Pakistan on Tuesday (4) elected a close ally of prime minister Imran Khan as its new president, further cementing the ruling party's power after a controversial general election victory.
Former dentist Arif Alvi, one of the founders of Khan's Pakistan Tehreek-e-Insaf (PTI) party, will replace Mamnoon Hussain after the vote by more than a thousand lawmakers from both houses of parliament and the four provincial assemblies.
Former cricket champion Khan became prime minister last month following his party's controversial victory in the mid-July parliamentary elections.
Khan's critics accuse him of having benefited from an underhand intervention by the military in his favour, and from fraud on the day of the vote.
State-run Pakistan television announced the unofficial results just over an hour after the voting ended Tuesday, with Alvi claiming victory in televised remarks. The official result is expected to be announced by the election commission on Wednesday.

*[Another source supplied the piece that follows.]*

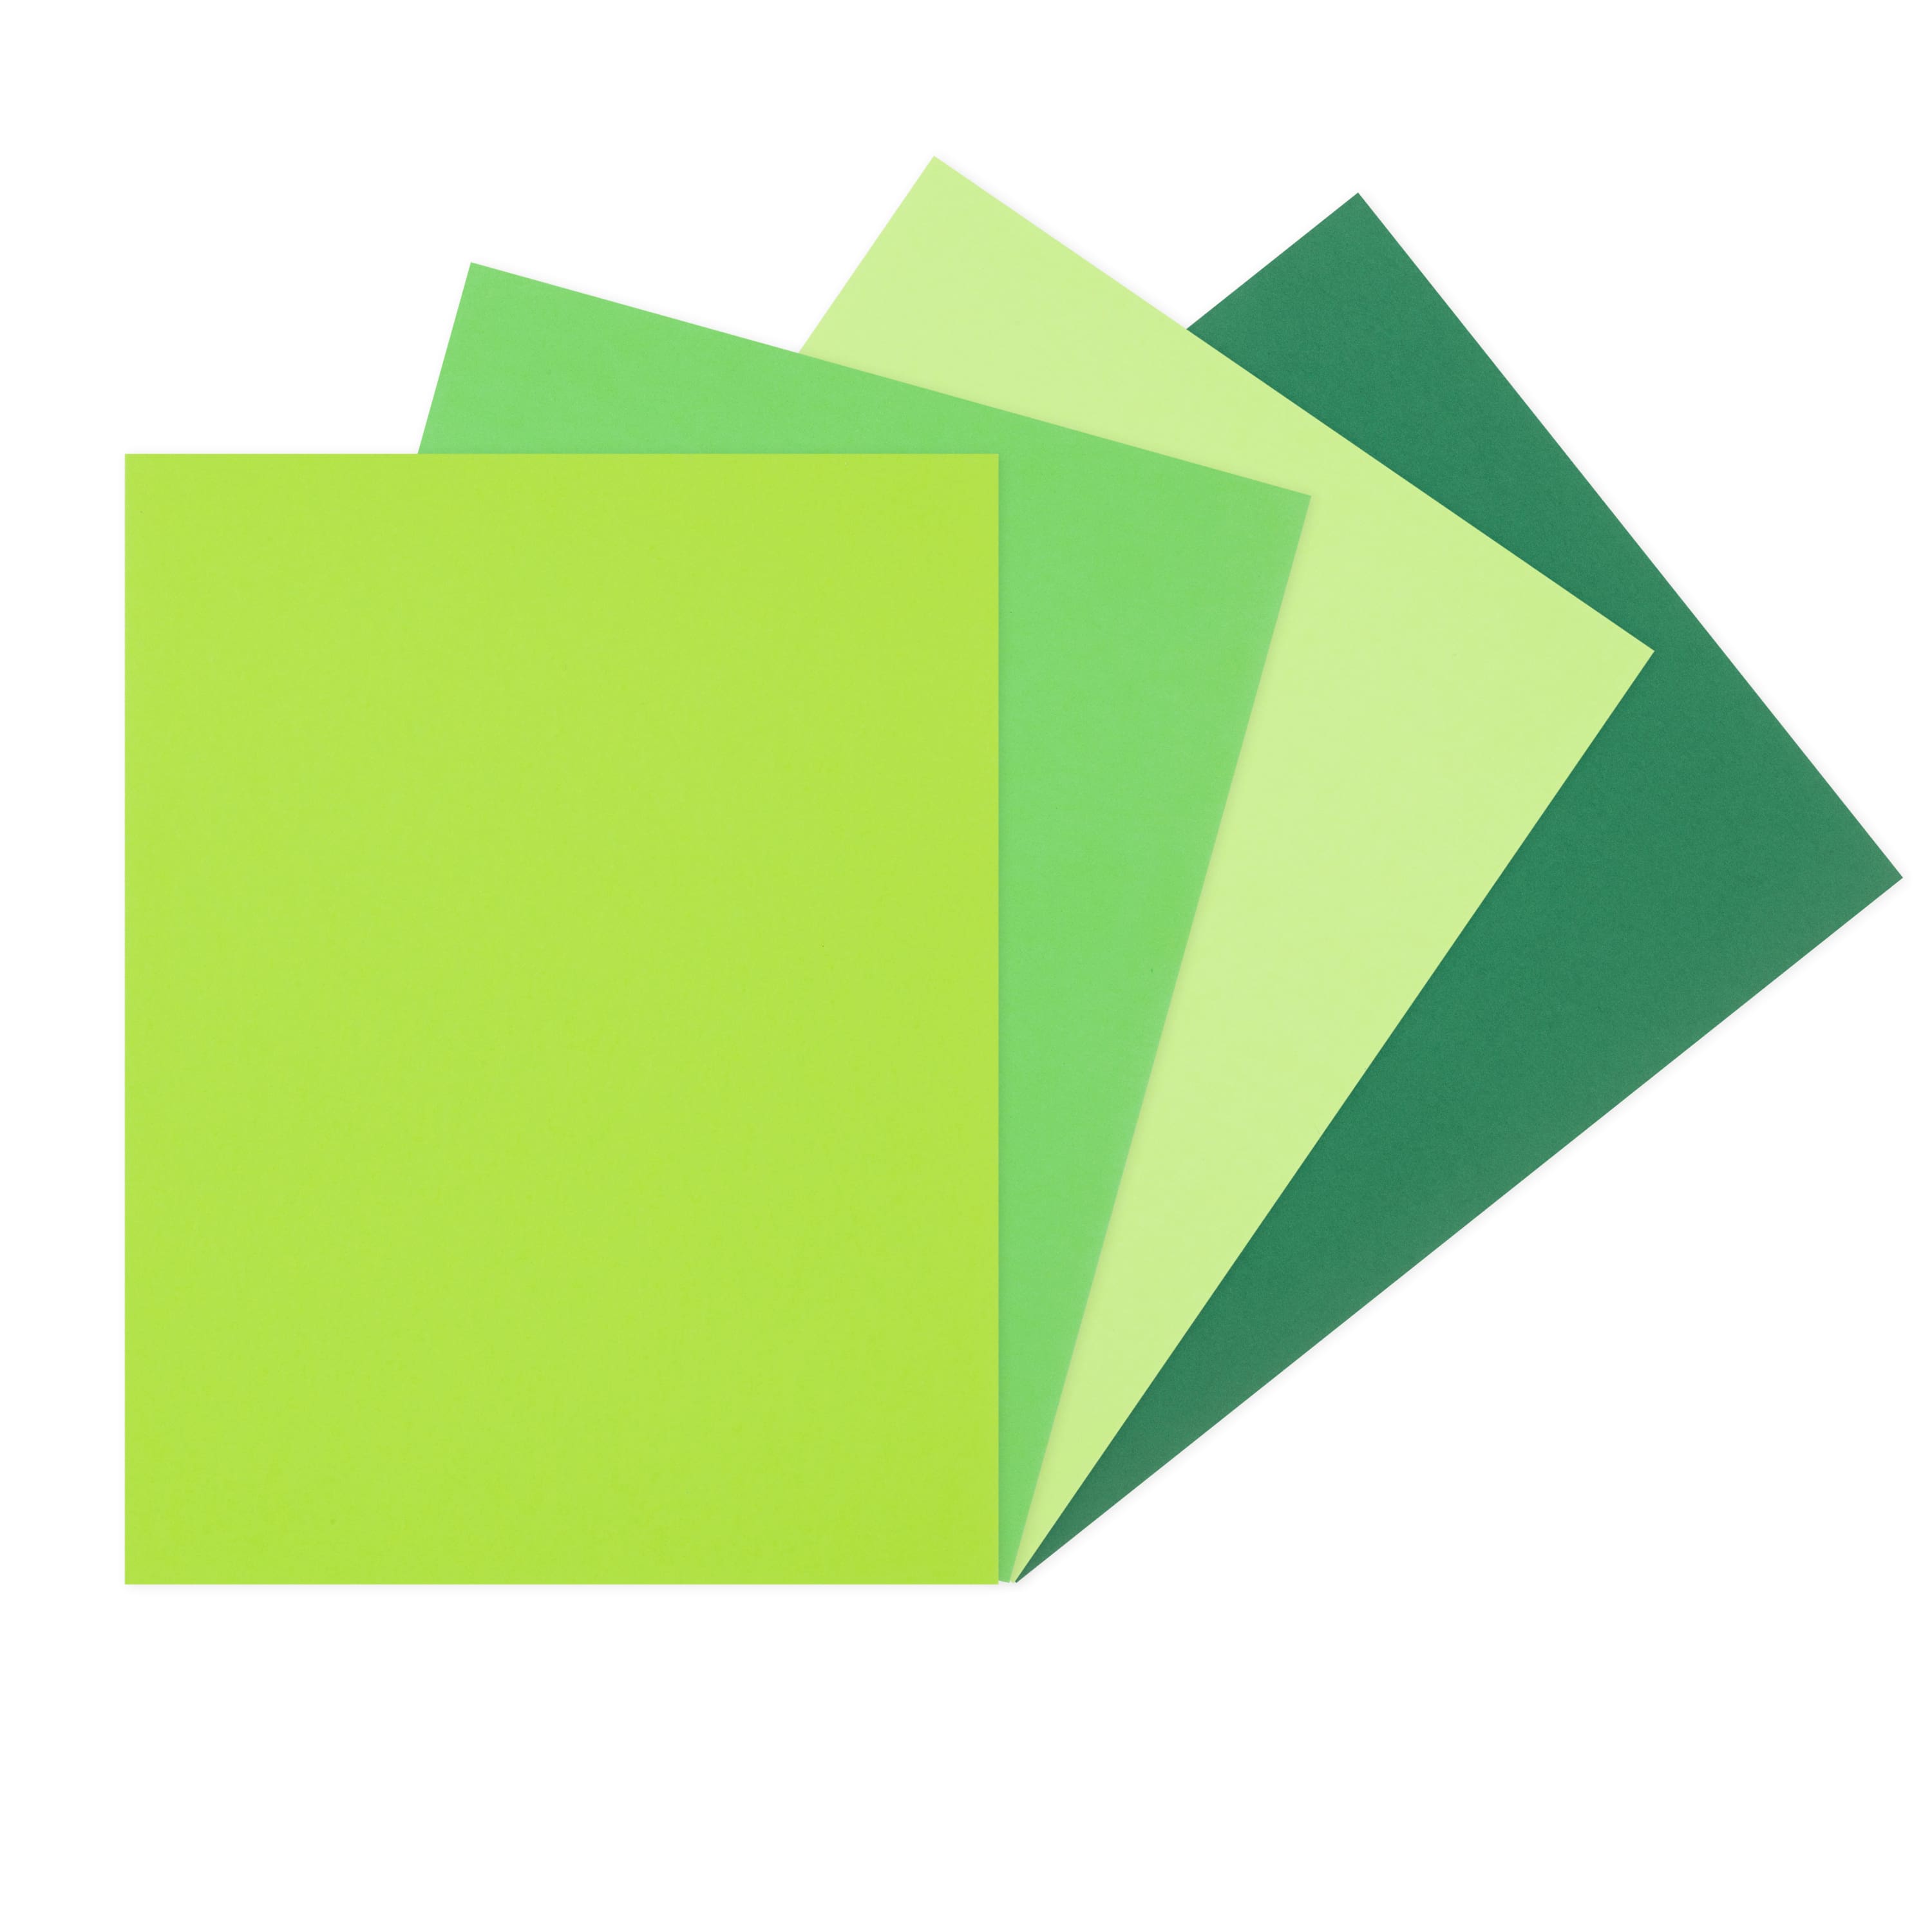 Garden Greens 8.5 x 11 Cardstock Paper by Recollections™, 100 Sheets

Alvi told reporters he was "thankful to God", and vowed to be a president for all of Pakistan. TV footage showed him shaking hands with parliamentarians after the vote, with many handing him sweets in celebration.
Hussain, a close ally of ousted premier Nawaz Sharif, had kept a low profile during his tenure.
Alvi, a father of four and active Twitter user, was shot and wounded during a protest against military dictator Ayub Khan in Lahore in 1969. He still has a bullet embedded in his right arm.
He studied at the University of Michigan and the University of the Pacific in San Francisco, as well as in Lahore, before making a career as a dentist and then entering politics.
He served as PTI's secretary general for eight years from 2006, and was elected an MP in the southern megacity of Karachi in 2013, winning re-election in the July vote.
- Balance of power -
Pakistani presidents wielded more power until president Asif Ali Zardari, the husband of assassinated premier Benazir Bhutto, took office in 2008 and devolved most of his powers to his prime minister Yousaf Raza Gilani.
Political analyst Sohail Warraich said the president's role is now to act as a bridge between the federal government and the provinces, adding that Alvi's status as a member of middle-class Pakistan would endear him further to Khan.
"In Pakistan, middle-class presidents don't revolt against prime ministers," he said.
Alvi's opponent Maulana Fazlur Rehman of the Jamiat Ulema-i-Islam, an opposition party backed by the ousted Pakistan Muslim League-Nawaz (PML-N), came second in the vote.
Nuclear-armed Pakistan, a Muslim giant of more than 207 million people, has seen security improve dramatically in recent years after a decade-long struggle against Islamist extremism.
But Khan's government now faces major challenges, with the country teetering on the edge of a balance-of-payments crisis that analysts say could force it to seek an IMF bailout.
Pakistan is also among the world's worst affected countries by global warming, and is facing a shortage of water exacerbated by its surging population.